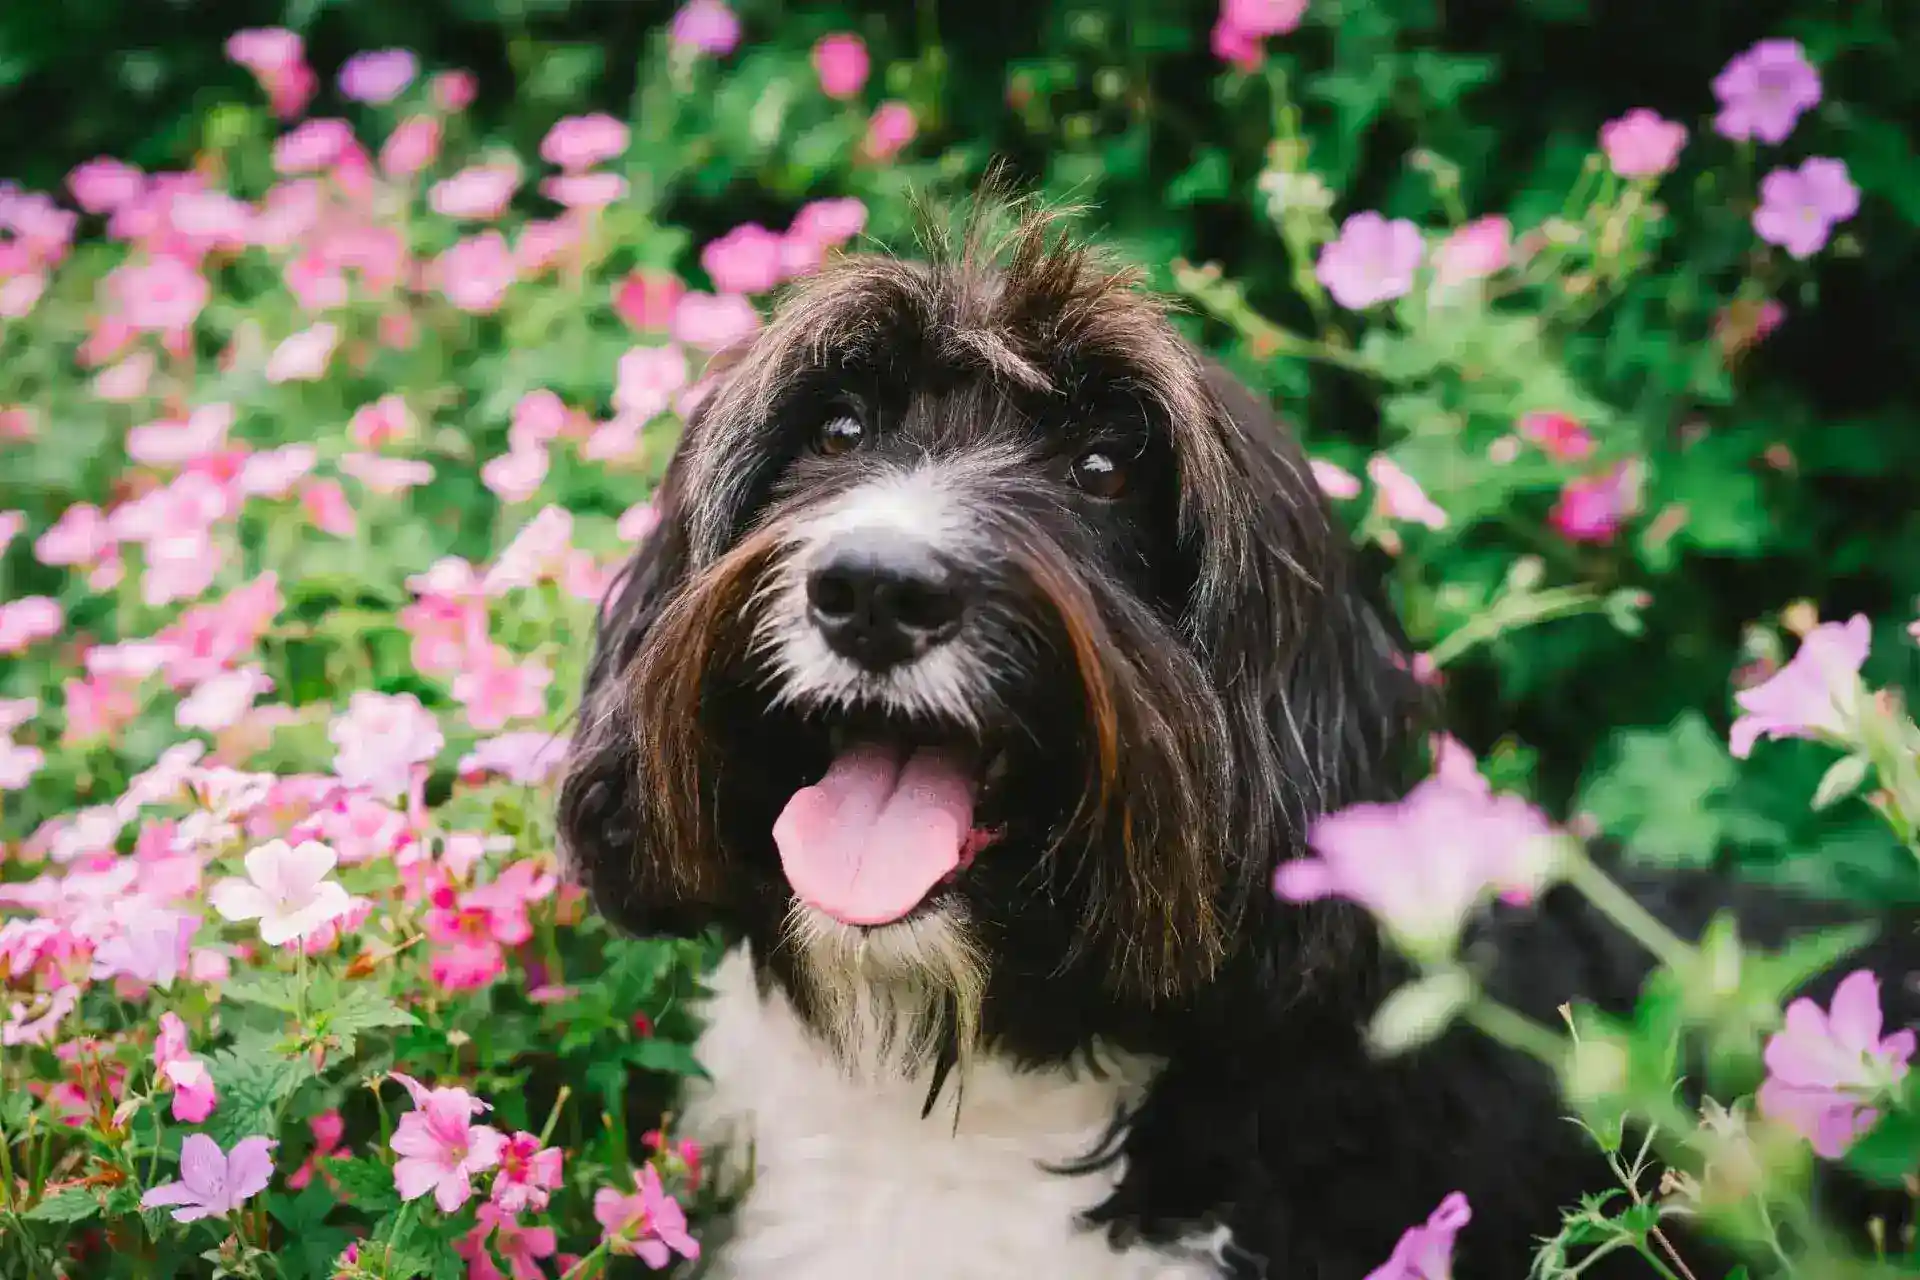 Dog in a field of pink flowers
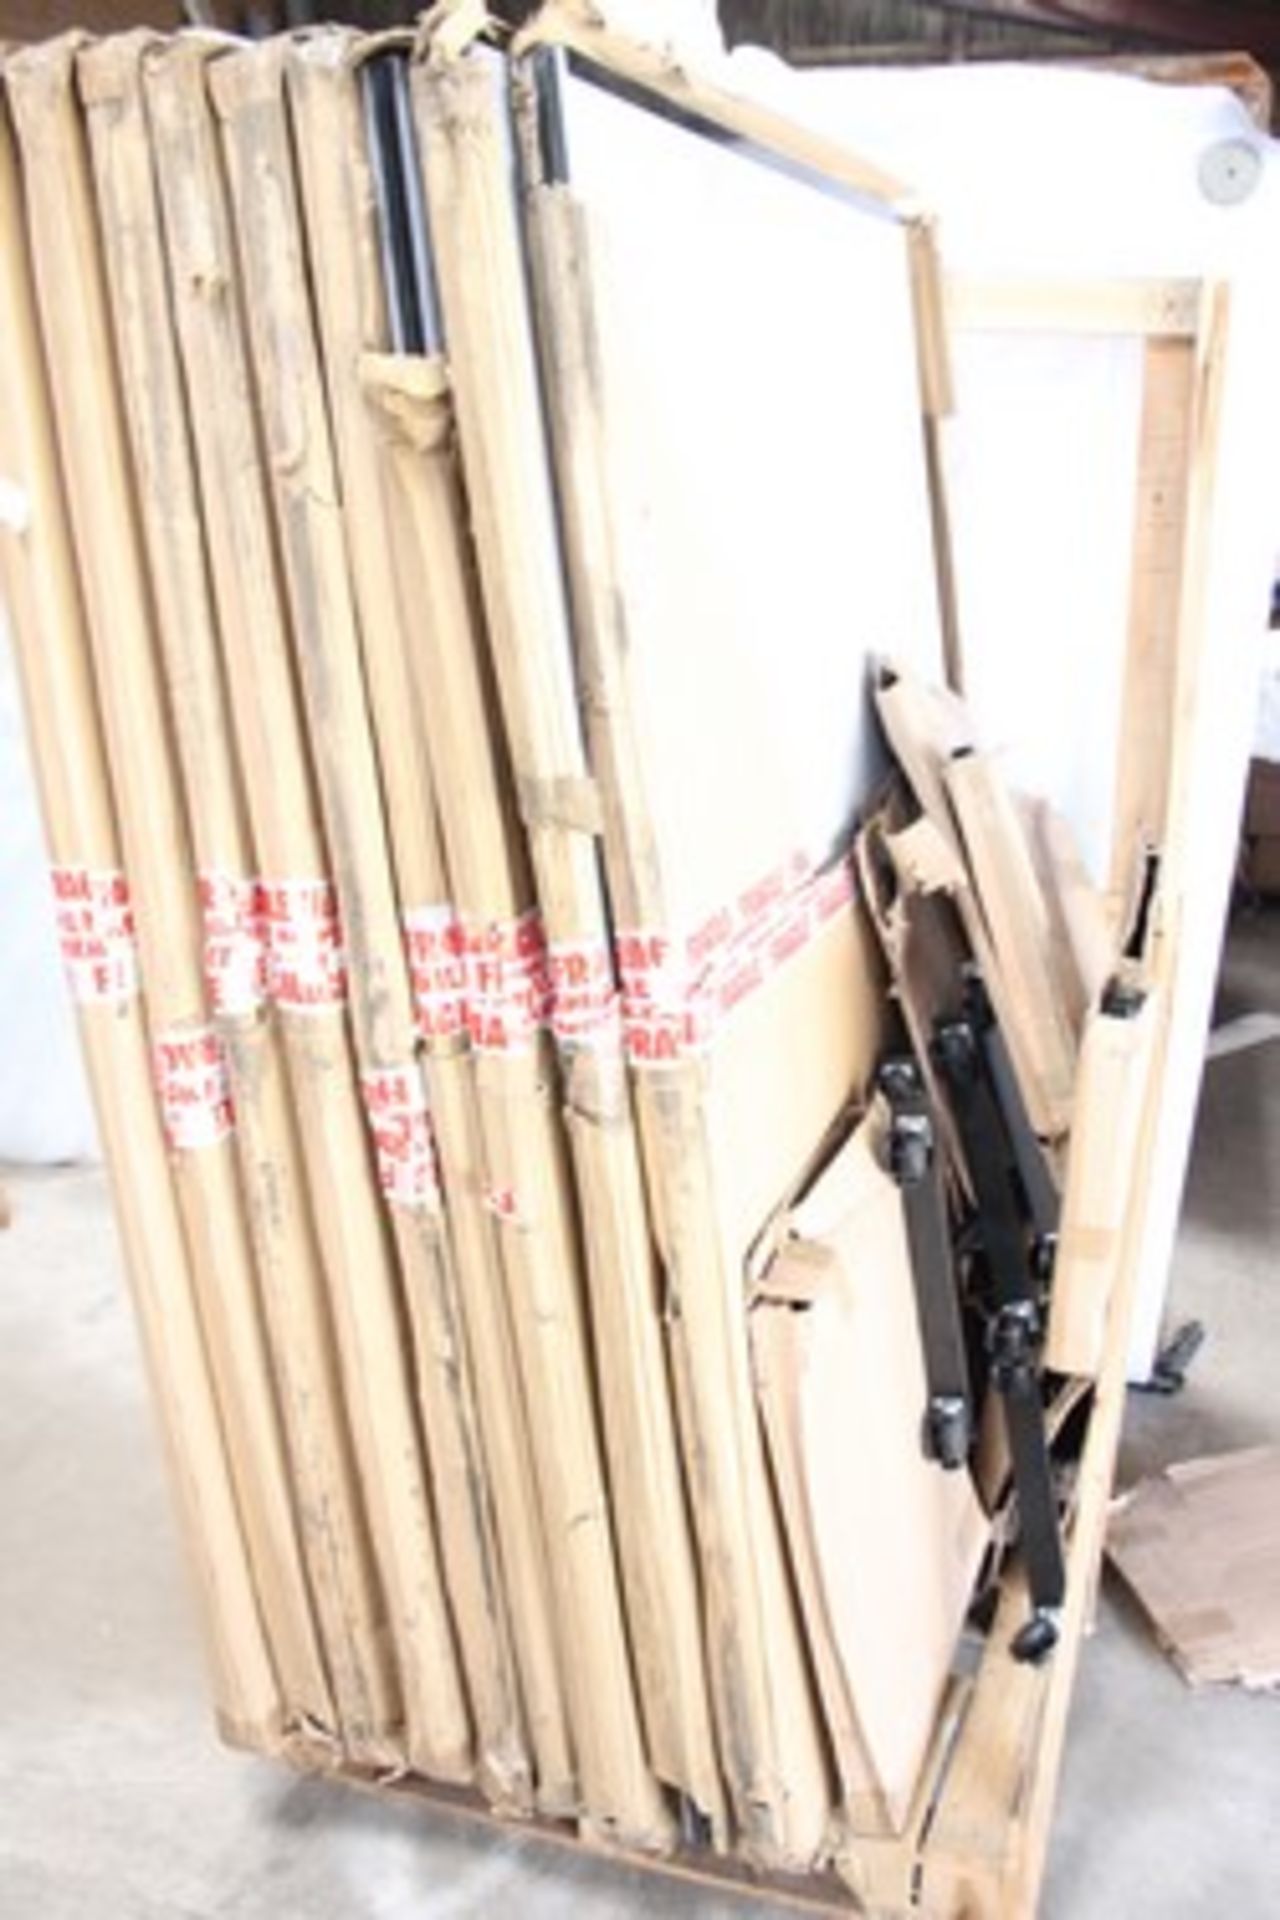 1 x pallet of office screens, size 180cm x 120cm colour - light grey, together with 8 x boxes each - Image 2 of 3
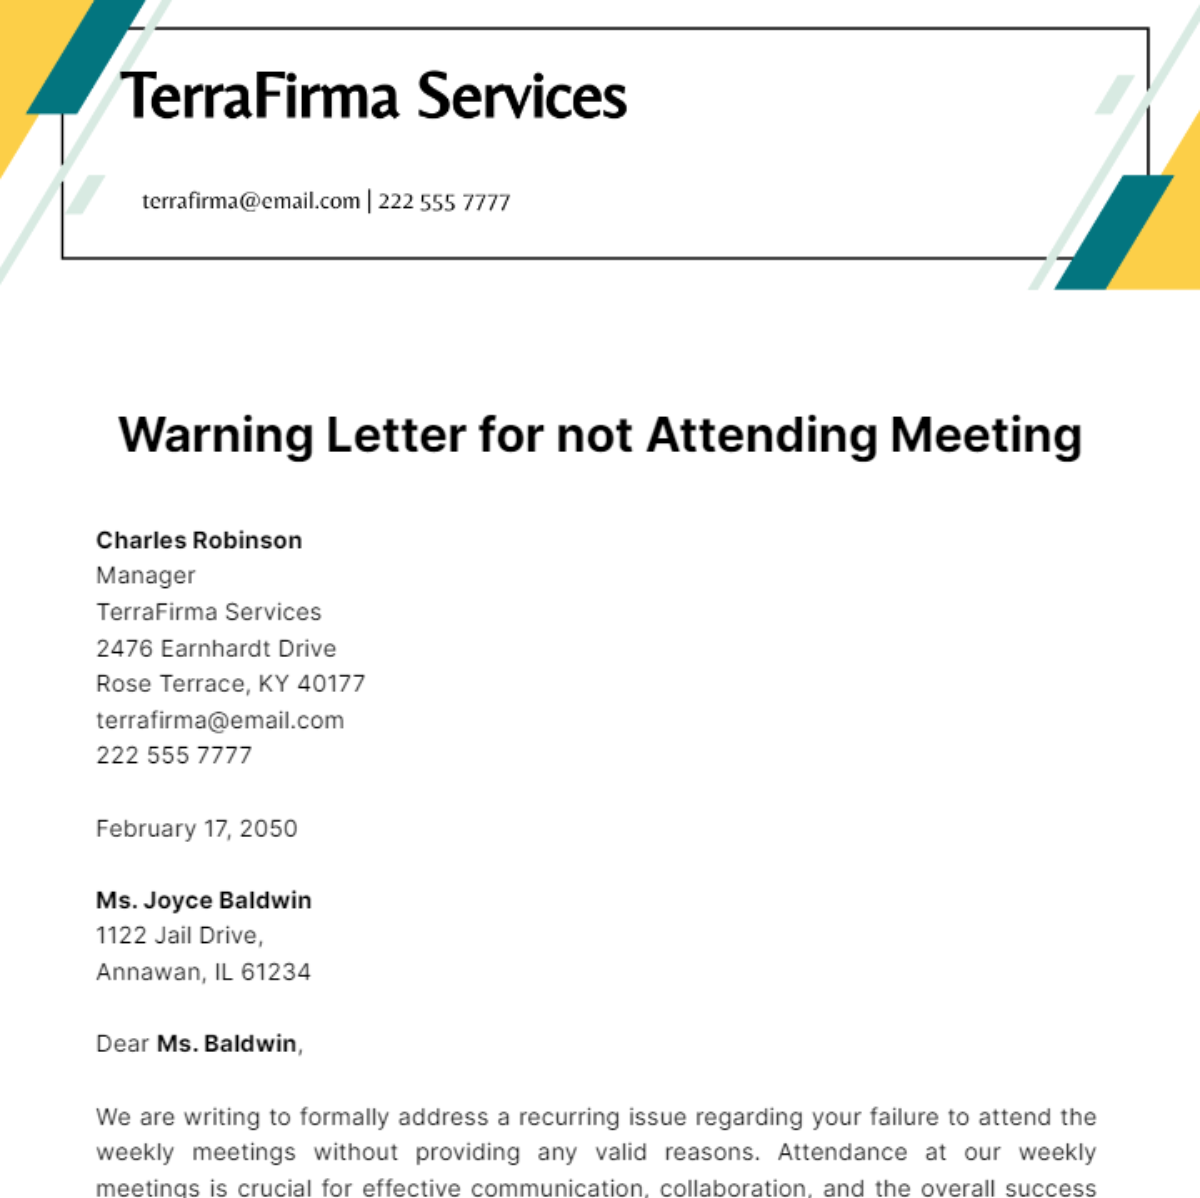 Warning Letter for not Attending Meeting Template

====================

Task prompt >> Without any of the pictures, reproduce the listing above exactly.

Result >>
 Dog in a field of pink flowers
 1 x pallet of office screens, size 180cm x 120cm colour - light grey, together with 8 x boxes each - Image 2 of 3
 Warning Letter for not Attending Meeting Template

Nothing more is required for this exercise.